Self-Awareness
How Assessdo Uses This Reflection Tool
Educators and administrators can implement elements of this tool in-person, virtually, or a blend of both. For example:
• Meet with a student or group of students in-person or online to assign assessment online. Educator instantly views results and talks about selected assessment for 5-10 minutes.
• Post online and have students answer during their own time. Educator views and reports results back to students in class at end of week. System stores results for administration, district, and statewide data.
• Include assessments within assignments that students may be completing at home.
Self-Awareness
Self awareness is the ability to evaluate yourself socially and understand how your behavior is being perceived by others. If you’re self-aware, you know how you’re feeling, how you’re acting, and how you appear. You likely have a strong grasp on your own strengths and weaknesses, which means that you know where and how you’ll be most useful. This knowledge can make you a great leader because you have an understanding of what skills you may be missing and therefore where and how you need others to apply their skills.
Self-awareness can also help you train yourself to think about your emotions in a productive way. It requires self-reflection and interpretation, so if you’re self-aware, when you get upset you might start to think about why you feel as you do and find that the feeling is momentary, misplaced, or a catalyst for positive action. Doing this allows you to think of your emotions as part of a larger picture, so you don’t become consumed by them. Knowing the reasoning behind your emotions can also give you a greater sense of control over them, improving self-efficacy.
Prompts That Support Self-Awareness
Self-Awareness is considered to be having clear perception of personality, including strengths, weaknesses, thoughts, beliefs, motivation, and emotions.
- What are some things that make you feel mad?
- What are some things that make you feel sad?
- What are some things that make you feel happy?
- What strategies have you used to help with difficult emotions during online learning or your transition back to school?

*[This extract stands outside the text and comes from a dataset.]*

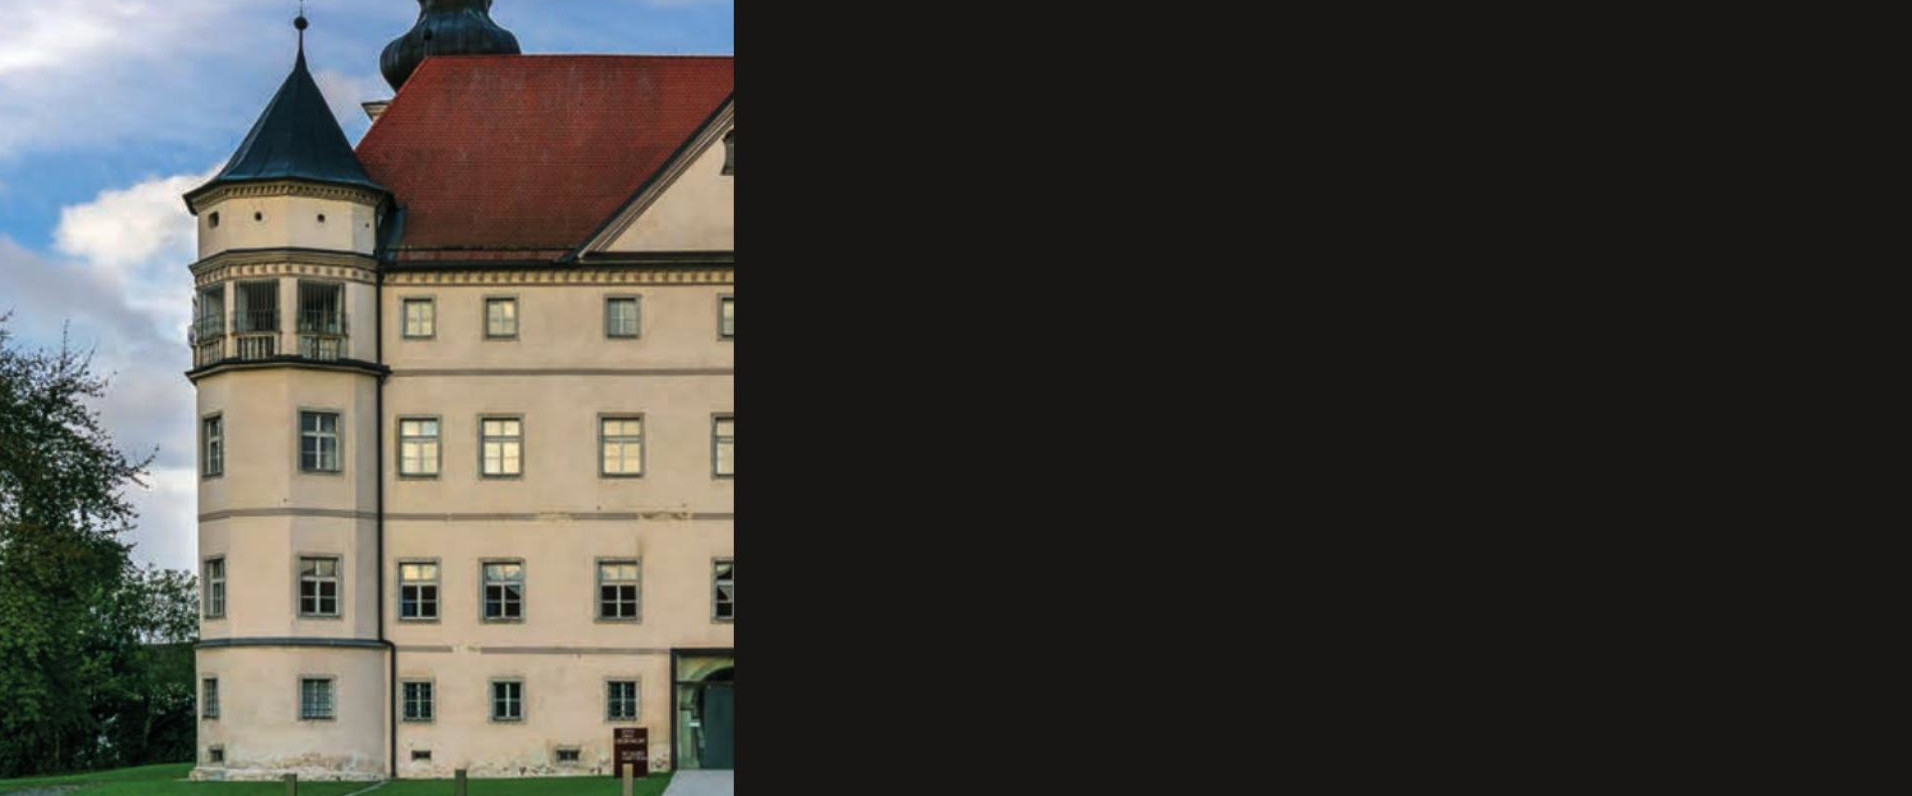 20 Jahre Lern- und Gedenkort Schloss Hartheim
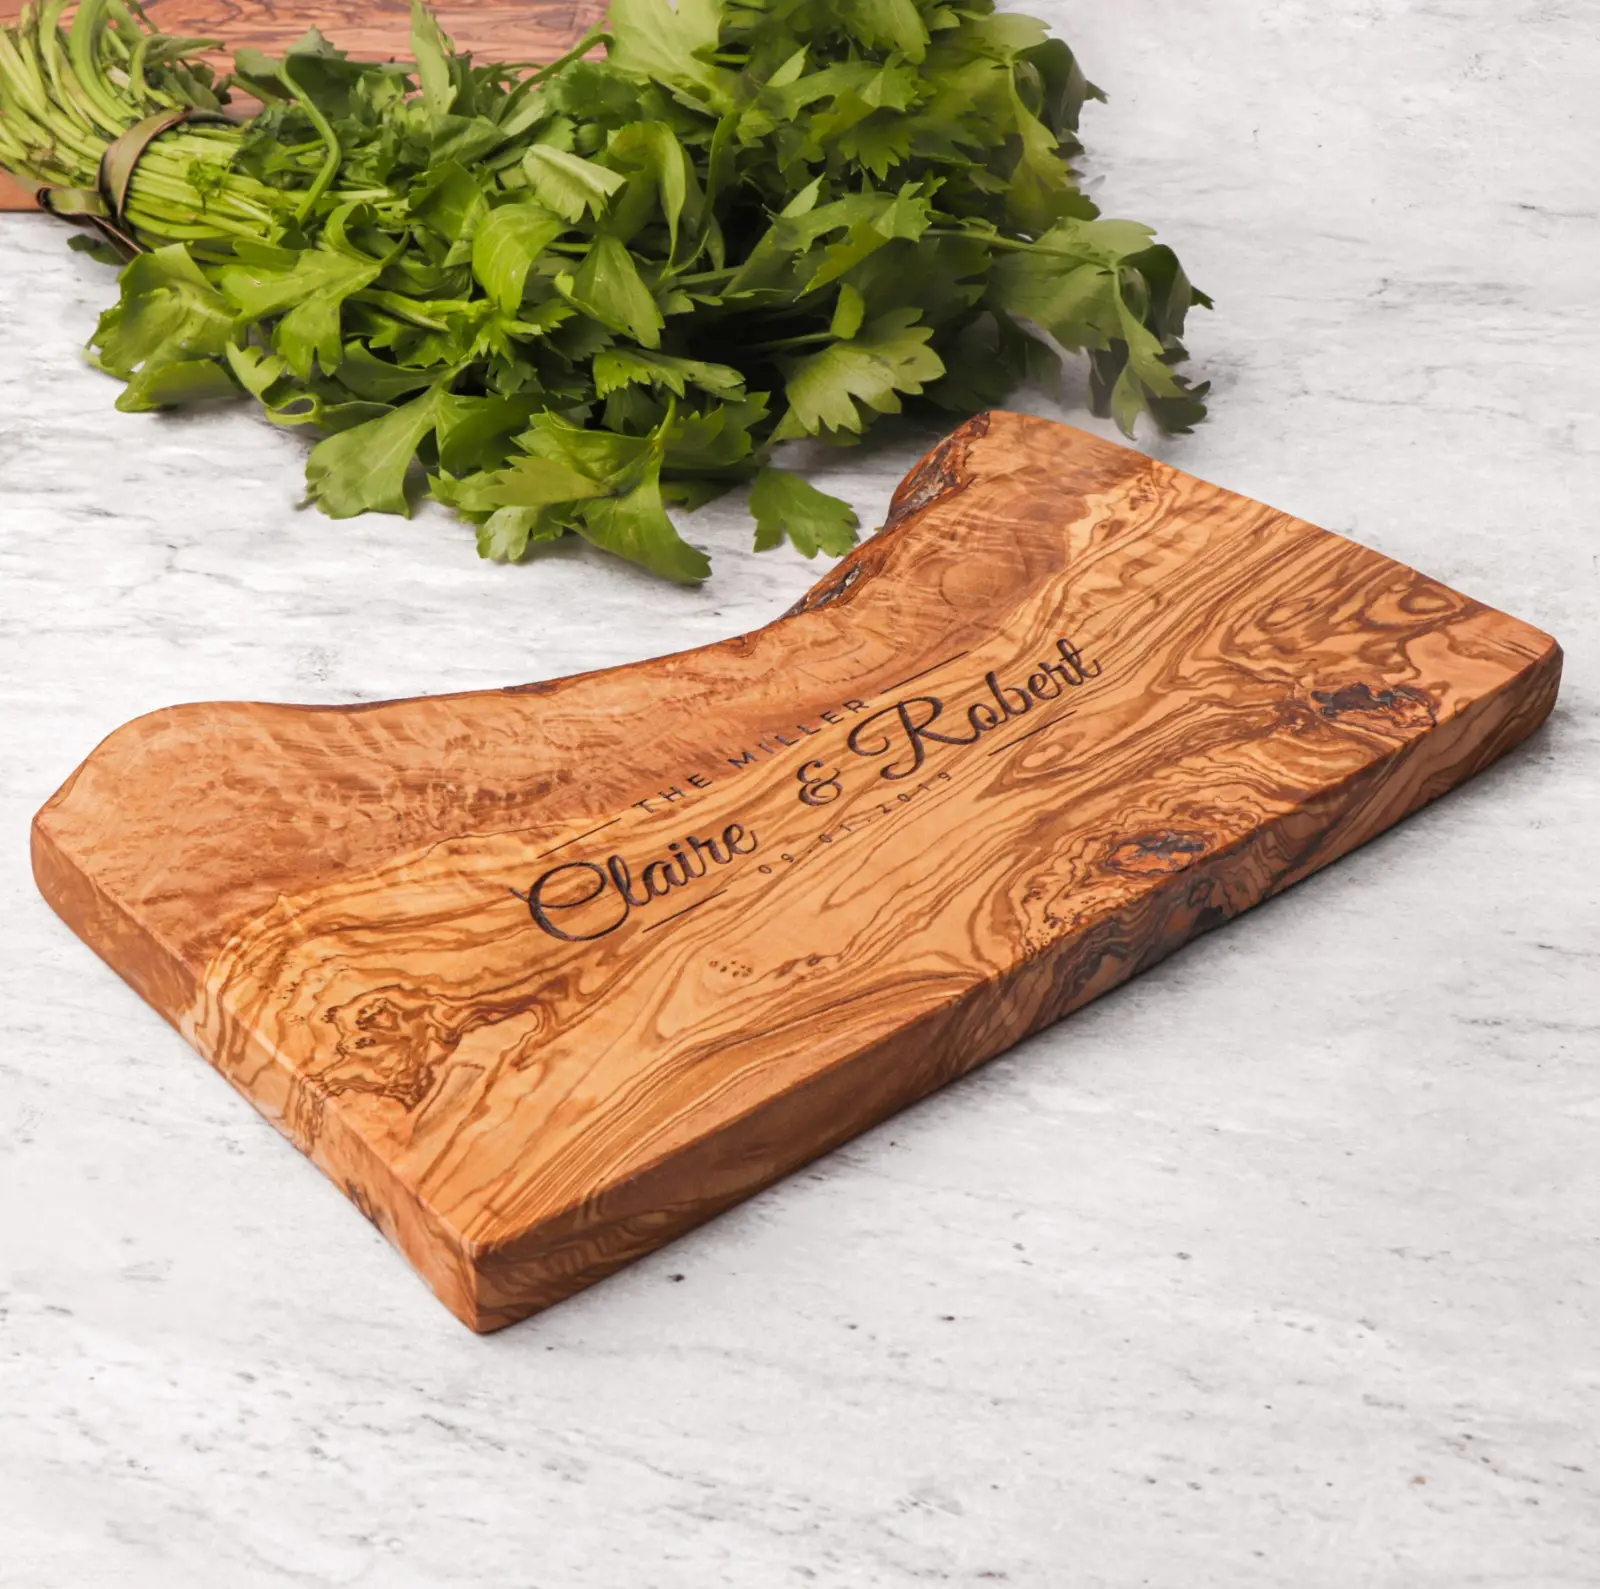 Tagliere tagliere legno di oliva: Premium legno rettangolo sostenibile singolo pezzo tavola di legno fatto a mano

- What do you like about school?
- What is challenging about school?
- What is something you are good at?
- Who in the school, your family or your neighborhood can you go to if you are having a problem in school– like with a friend?
- What assets do you see in yourself?
- What are some goals you have in school or at home?
- What internal qualities or external supports have helped you accept new challenges and adjust to change?
- How did you handle it if you ever felt like giving up at something you wanted to get better at?